Aggregating Foundation Model Objects
Published:
Authors: Harit Vishwakarma and Fred Sala
One exciting aspect of large pretrained ‘foundation’ models is that it is easy to obtain multiple observations by repeatedly querying. The most straightforward example is to obtain multiple answers to a question by varying the prompt, as shown below. These outputs could be noisy and naturally, we’d like to aggregate these outputs in such a way that we obtain a better estimate of the ground truth than any single answer on its own. Ideally, this aggregation should
- Take into account that some estimated objects are closer to the ground truth than others, i.e., are more accurate, and upweight these,
- Be fully unsupervised—so that we have no access to the ground truth and can be fully zero-shot,
- Work with structured objects—not just model outputs, but chains, trees, and other intermediate structures used in techniques like chain-of-thought (CoT) prompting and other reasoning approaches.

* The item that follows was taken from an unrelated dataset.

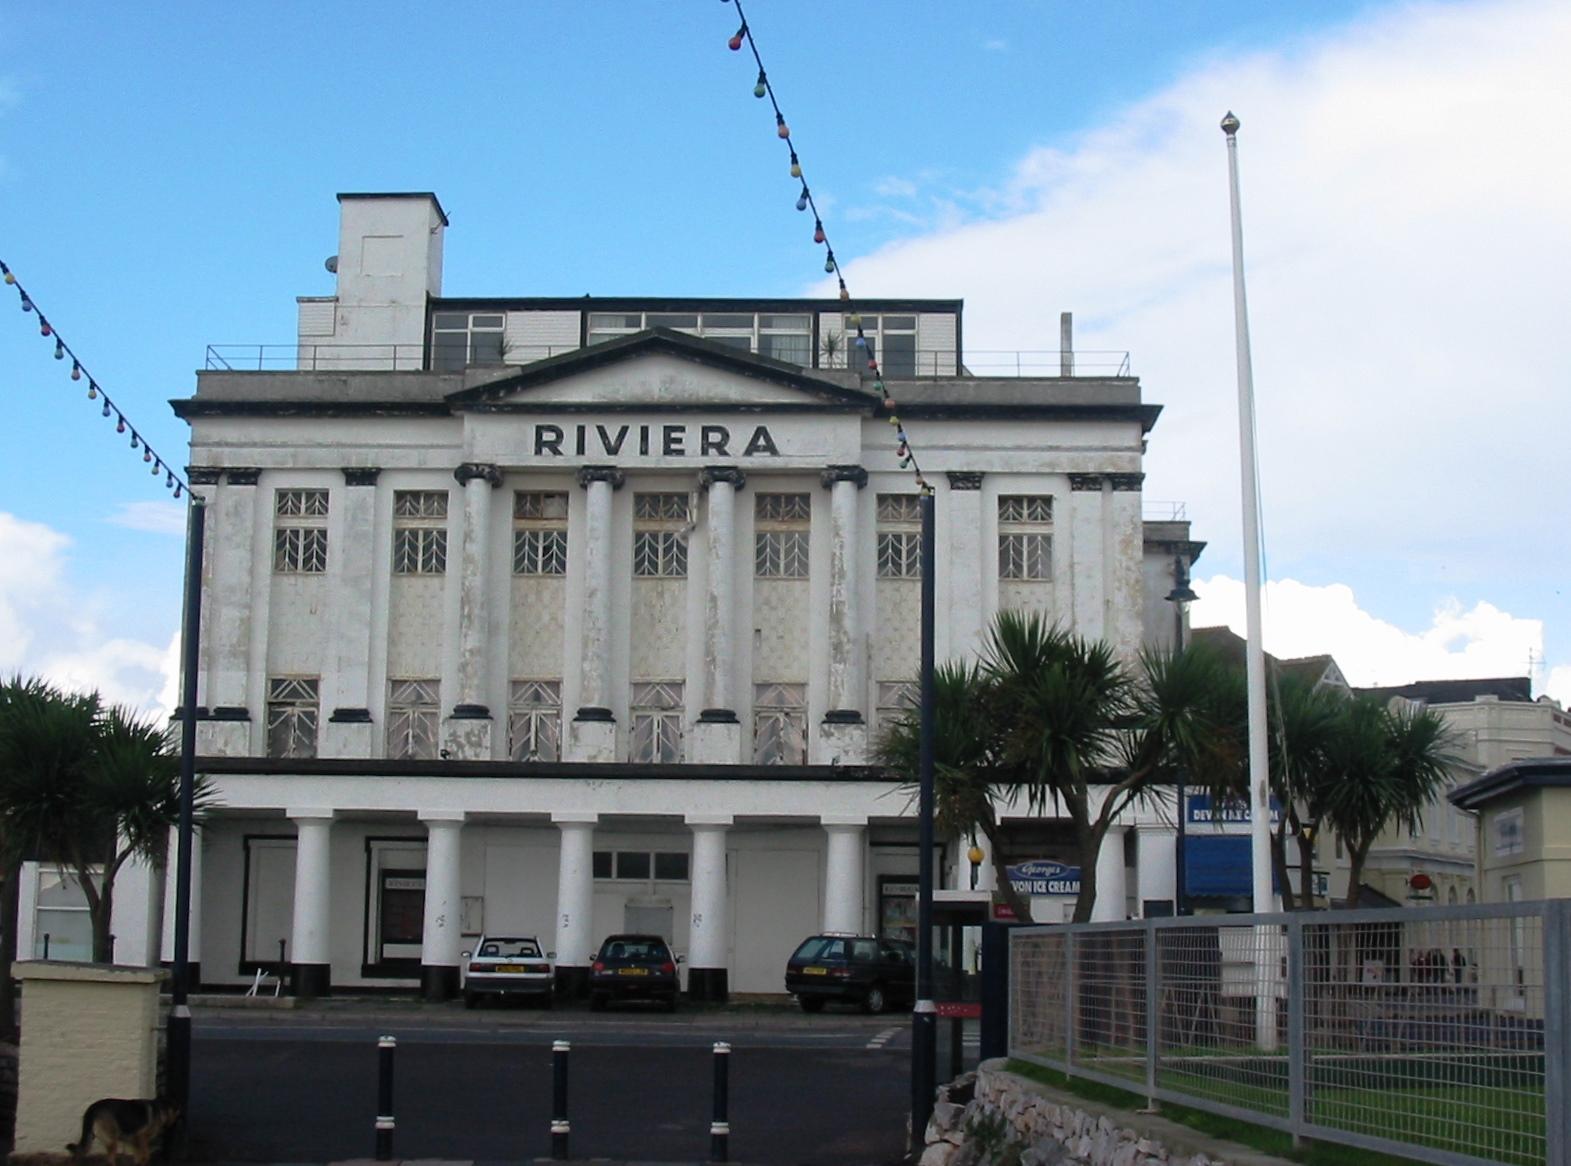 The Riviera Building circa 2005

In this post we discuss a simple way to do this based on one of our NeurIPS ‘22 papers. The core principle is a (very general) form of the weak supervision algorithms that we’ve been playing with for several years. For binary outputs, this idea has already been successfully used in our Ask Me Anything prompting strategy. Here, we focus on lifting this to the richer structures needed for CoT and other techniques.
Warning: our discussion will get a bit technical—but we promise it will be fun! In fact we’ll get to connect to a ton of different fields, including graphical models, unsupervised learning, embeddings and non-Euclidean geometry, tensor algorithms, and more!

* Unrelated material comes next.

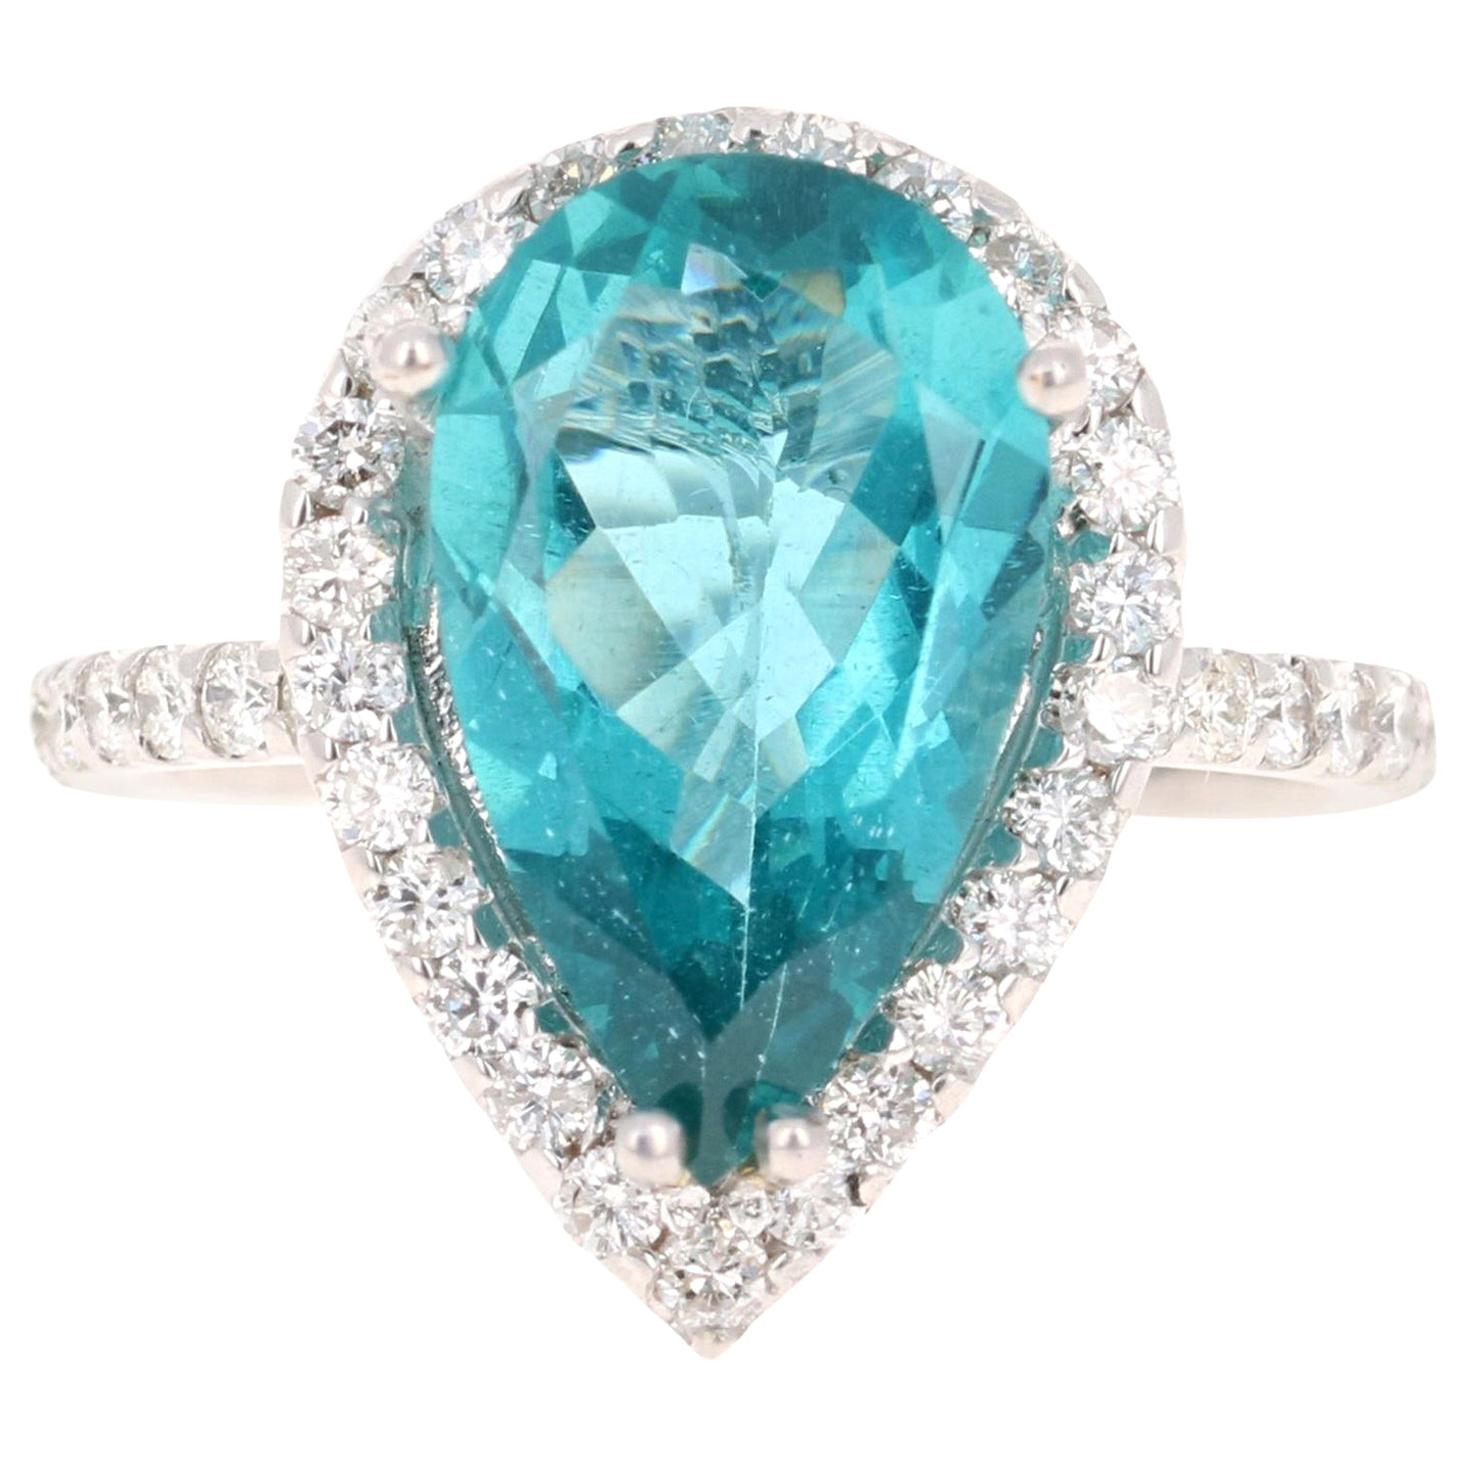 5.07 Carat Apatite Diamond Ring 14 Karat White Gold Cocktail Ring

First, a roadmap for this post. We will
- Cover some well-trodden ground on the fundamentals of simple aggregation. We’ll model noisy observations of binary objects and describe a very simple approach to learn how accurate the observations are, without ground truth. This part will also serve as a short introduction to weak supervision.
- Apply a powerful algorithm based on tensor decomposition—enabling us to relax our modeling assumptions for aggregation, in the hope we can aggregate complex objects.
- Figure out how to scale it up to rich structures by operating on a very special type of embedding, called pseudo-Euclidean.
- Show on a toy example how this can help us improve CoT beyond simple approaches like majority vote.
Let’s dive in!
Aggregation Fundamentals
Let’s take the example in the figure above. We are performing a basic email classification task, where we want to categorize each message as spam or not spam. We repeatedly query the model by varying the prompt, obtaining a number of observations for each email.
We’ll refer to each prompting approach as an object source (OS). These sources are just estimates of the ground truth answer for whatever task we’re interested in. What can we do with these? First, let’s collect the outputs. These are arranged in a matrix as shown in figure below. The instances (examples) are the emails. Of course, the column for the ground truth label $Y$ is just a placeholder since we don’t get to see it.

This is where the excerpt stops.